The Ladd Macaulay Salmon Hatchery in Juneau, Alaska. (Pat Neal/for Peninsula Daily News)

The Ladd Macaulay Salmon Hatchery in Juneau, Alaska. (Pat Neal/for Peninsula Daily News)

PAT NEAL: Don’t cry over spilled salmon

THERE’S AN OLD saying around here that good fences make good neighbors or good neighbors make good fences, whatever.

The fact is, it’s too late to fix the fences on the busted-up fish farm that dumped a portion of its over 300,000 Atlantic salmon into the Strait of Juan de Fuca. It’s been called an emergency that’s as bad as an oil spill.

Of course, we should have known this would happen because it’s happened before. Ask any farmer: There is not one domesticated animal on this Earth that does not get out of their pen at every opportunity.

Domesticated animals have a lot of spare time behind those fences where they spend every moment planning to get out.

There used to be mink farms all around the Olympic Peninsula back when mink coats were politically correct. Once that craze was over, the mink that didn’t escape from the mink farms were just turned loose, blending in with the local population.

Atlantic salmon are a different matter, of course. Scientists predict they could imperil our wild salmon even more than the humans have, although there is no evidence to support this hypothesis.

It is the humans who destroyed our runs of native salmon. They were a biomass larger than the 60 million bison that once roamed North America.

The salmon, like the bison, were exterminated for profit.

The bison were replaced by herds of domesticated beef behind fences. The native salmon are being replaced by domesticated salmon behind fences.

Now they have gotten loose, but does that have to be a bad thing?

So what if the mouths of the Atlantics are upside-down, a side effect of the chemicals they eat to survive in the pens? Fishermen don’t care if the salmon have two heads, just as long as they get to catch something.

We have to face the fact that no matter how much money we spend, salmon restoration in Washington has been a failure. With fishing getting worse every year, it seems as if there should be some way we could use modern technology to bring back our salmon.

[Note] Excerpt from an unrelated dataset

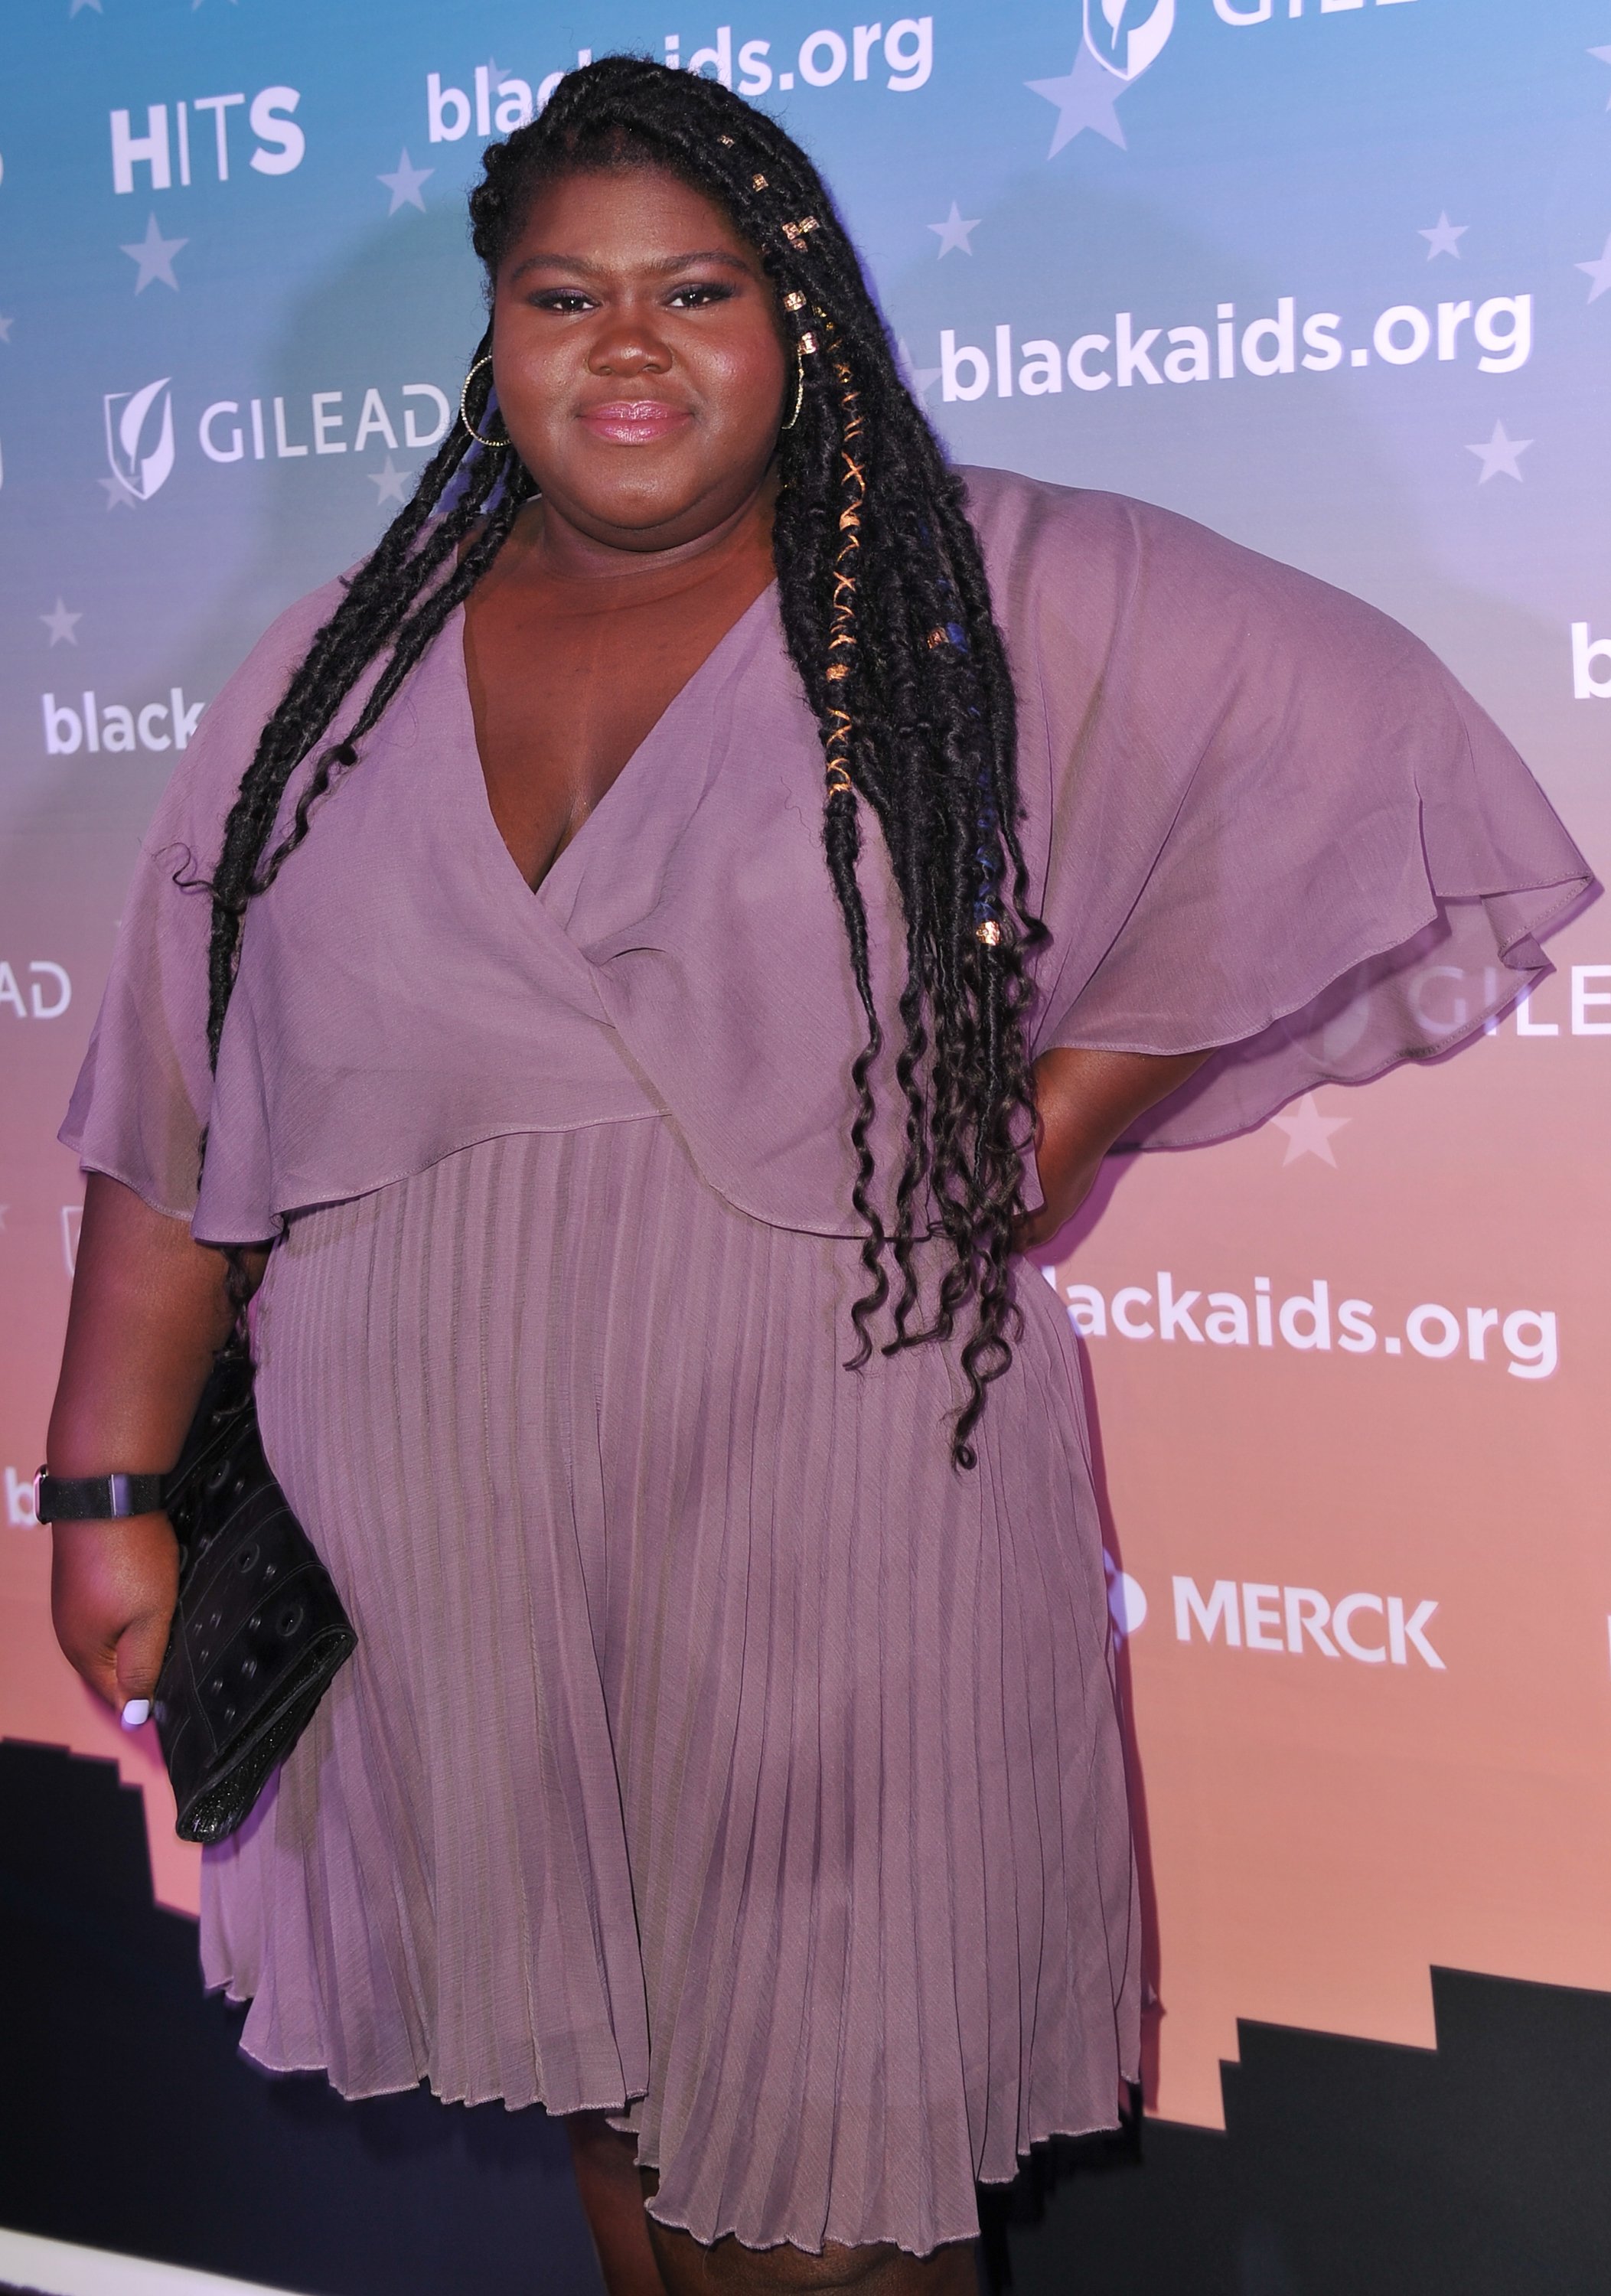 Gabourey Sidibe at the Black AIDS Institute's 2018 “Heroes in The Struggle” gala at the California African American Museum on December 01, 2018 in Los Angeles, California | Source: Getty Images

Can you imagine 300,000 king salmon or coho, dogs or humpies in the straits? Perhaps the salmon restoration industry could learn a thing or two from the salmon farming industry, since whatever we are doing now doesn’t seem to be working.

Perhaps if we studied a successfully restored salmon fishery, we here in Washington could get a clue.

A graduate of the now-discontinued fisheries program at Peninsula College in Port Angeles moved to Juneau, Alaska. He began raising salmon in a cave behind a waterfall.

This eventually led to the construction of a $10 million salmon hatchery in downtown Juneau named for this most distinguished Peninsula College alumnus, Ladd Macaulay. The Ladd Macaulay Salmon Hatchery releases 100 million salmon a year into net pens all over southeast Alaska.

Crowds of tourists pay to tour the Macaulay hatchery. The salmon from the Macaulay hatchery support the hatchery and aquarium as well as a commercial and recreational fishing fleet, shore facilities, resorts and endangered marine mammals that flock to the region to gorge on salmon.

There is a monthlong salmon derby.

People carry garbage cans when they go fishing to carry home their limit of six salmon.

Net pens for Atlantic salmon are not going away. An ever-growing human population demands a domesticated food source.

Maybe we should use salmon pens to save our native salmon and spill a few jillion into the Strait of Juan de Fuca every year.

We’ll thank ourselves later if we do the right thing now.

_________

Pat Neal is a fishing guide and “wilderness gossip columnist” whose column appears here every Wednesday.